Click here for the first three posts in this series: Part 1, Part 2, Part 3, Part 4.

In summarizing DSSI, it's hard to describe what they really are in a single sentence, other than a minority-owned provider with a highly targeted MRO (and related indirect) Spend Management offering for the industrial manufacturing community. On the one hand, they're nearly always providing a hybrid BPO/distributor model to clients where they actually take title to the goods being transacted (and get involved, as required, in serving as "a bank" for their clients when extended payment terms are needed). But on the other, they're a highly expert services organization that understands all elements of MRO/indirect strategy sourcing and spend analysis. And let's not forget they also have their own broad set of P2P and sourcing technologies that they developed internally. DSSI has an online MRO benchmarking offering, but I'll leave that to another post. If you're getting the sense that DSSI is a multi-headed industrial Spend Management hydra, you're correct. But this is one monster that manufacturers should welcome rather than fear.

It's worth drilling down on the DSSI distributor model because unlike other BPOs, one could argue that they're really more like a hybrid BPO/GPO. Not only is DSSI taking title to the goods they buy as principal in many cases, they're also aggregating spend on behalf of their clients. As they put it, "if we get a better deal, then all customers benefit." Yet DSSI is not about mandating that customers use a specific supplier or part. On behalf of their customers, DSSI sources "exactly the manufacturer's part number" without the use of market baskets to estimate or implement savings, as is so often the case in indirect sourcing programs that are run by a third-party. DSSI quotes and gets everything quoted on a line-item level.

In using DSSI as in intermediary, a customer's purchase order then results in a DSSI purchase order. In turn, DSSI is responsible for payment to the vendor and following up to receive payment from the client (who can then count DSSI as part of their diverse spend, given DSSI's status). On a monthly basis, DSSI's consolidated invoice summary shows clear line-item detail that also ties to specific user activity -- a level of information that MRO distributors will rarely provide, unless prompted by their manufacturing clients, because it can make it easier for companies to engage in new sourcing exercises.

Even though DSSI serves as a reseller, customers have a unique view of their own catalog information, including pricing. DSSI did tell Spend Matters than one industrial supplier they work with requires that they maintain separate pricing based on each actual end-use customer (based on this manufacturer's overall market presence/dominance), but in general, the spend aggregation model holds across all the categories they source on behalf of users.

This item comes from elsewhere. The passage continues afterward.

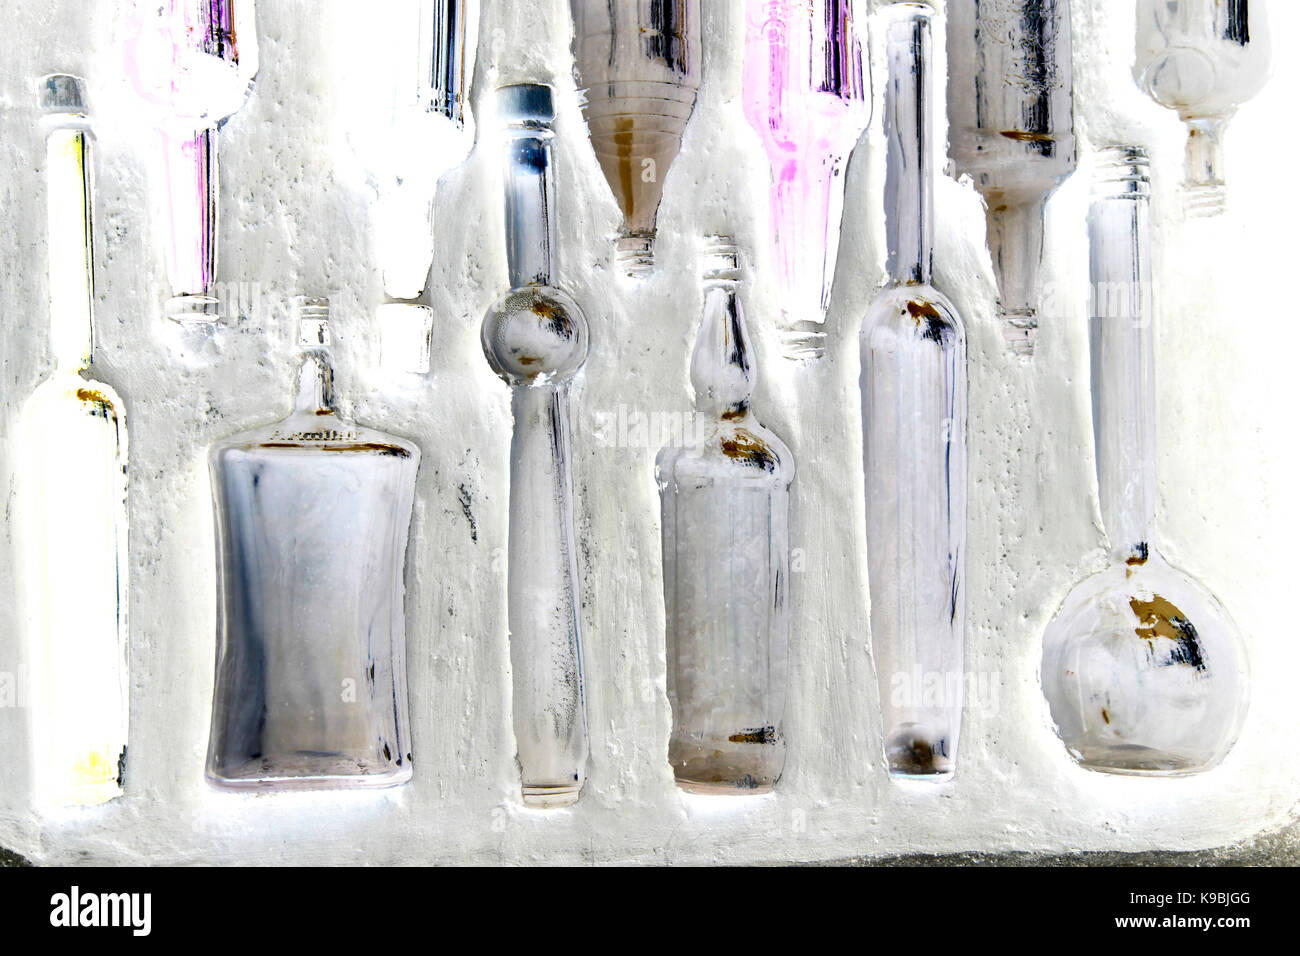 Bottiglie in una parete - bottiglie di vetro annegate in un bianco lavato la parete Foto Stock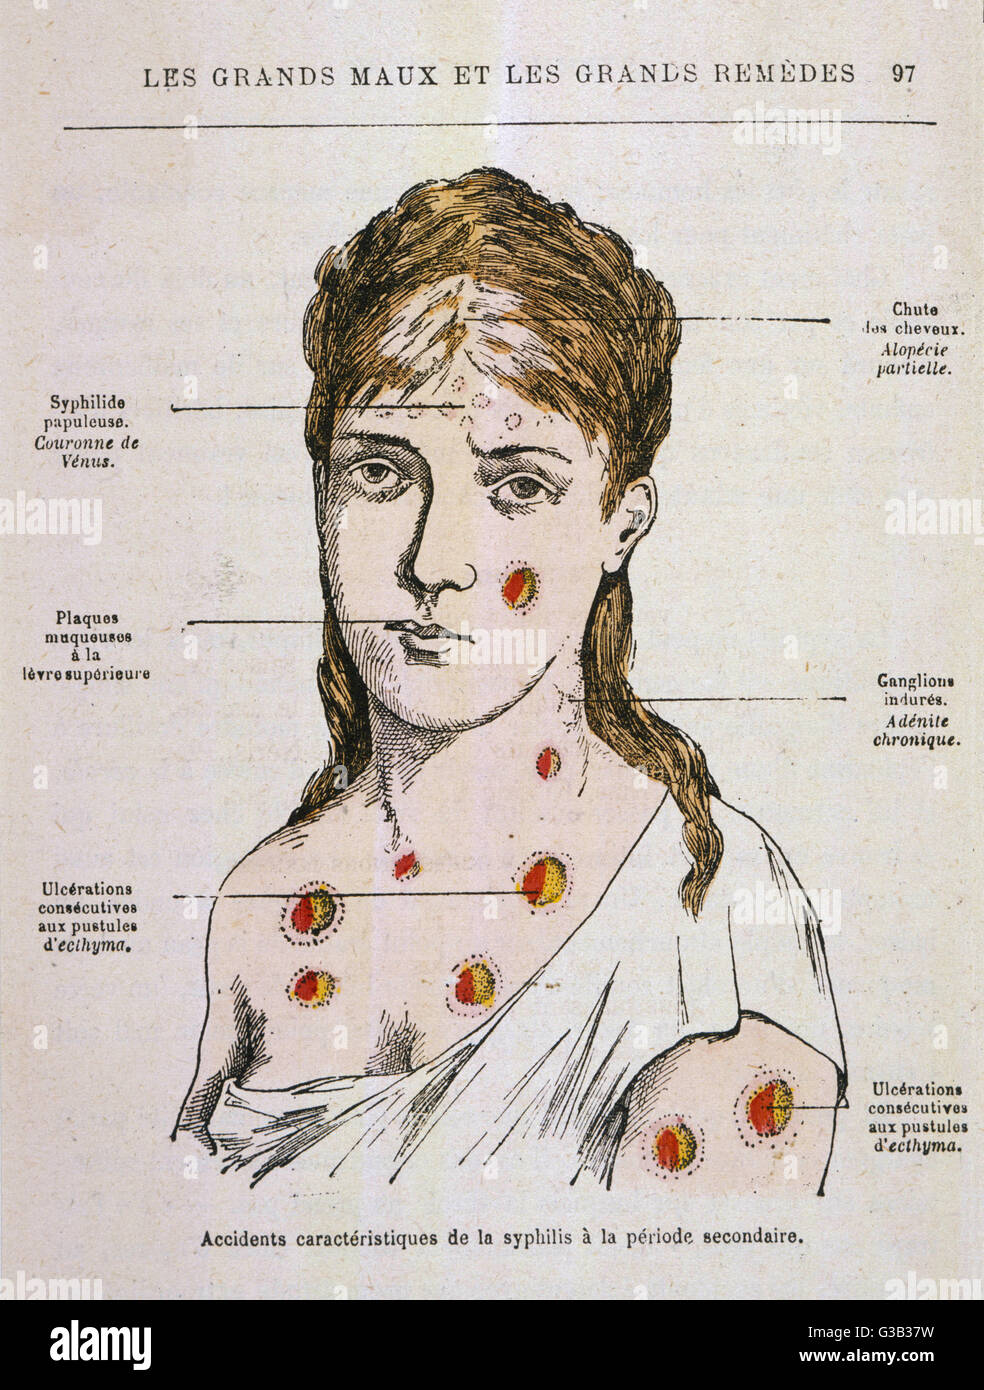 Diagramm den Ausschlag zeigen, die in der zweiten Phase der Syphilis Datum erscheint: 1883 Stockfoto

Another major benefit in serving in the role of an informed, data-driven intermediary is the information exhaust all the buying activity generates. This has resulted in a new spin-off business from DSSI, Relativity, which offers highly detailed benchmark prices for MRO items based upon a variety of price intelligence sources (including their own). In Spend Matters' view, Relativity is a nifty (but separate) price benchmarking service, albeit one that requires its own analysis on these virtual pages to do it justice (so stay tuned).

In short, Spend Matters believes that even though DSSI may not be a household procurement name like a Grainger or Ariba, that industrial manufacturers looking to drive savings on the plant level for MRO and related categories while also increasing their diversity spend, should consider their unique, inclusive offering that transcends an easy-to-label definition. Even companies with either highly advanced P2P deployments for indirect (e.g., Ariba, SAP, Coupa, Oracle), another BPO solution already in place across other categories and/or internal category expertise already in the area would be well served to consider DSSI as a potential partner. There's really not any other provider in the MRO and indirect marketplace who looks exactly like them. And that's a good thing.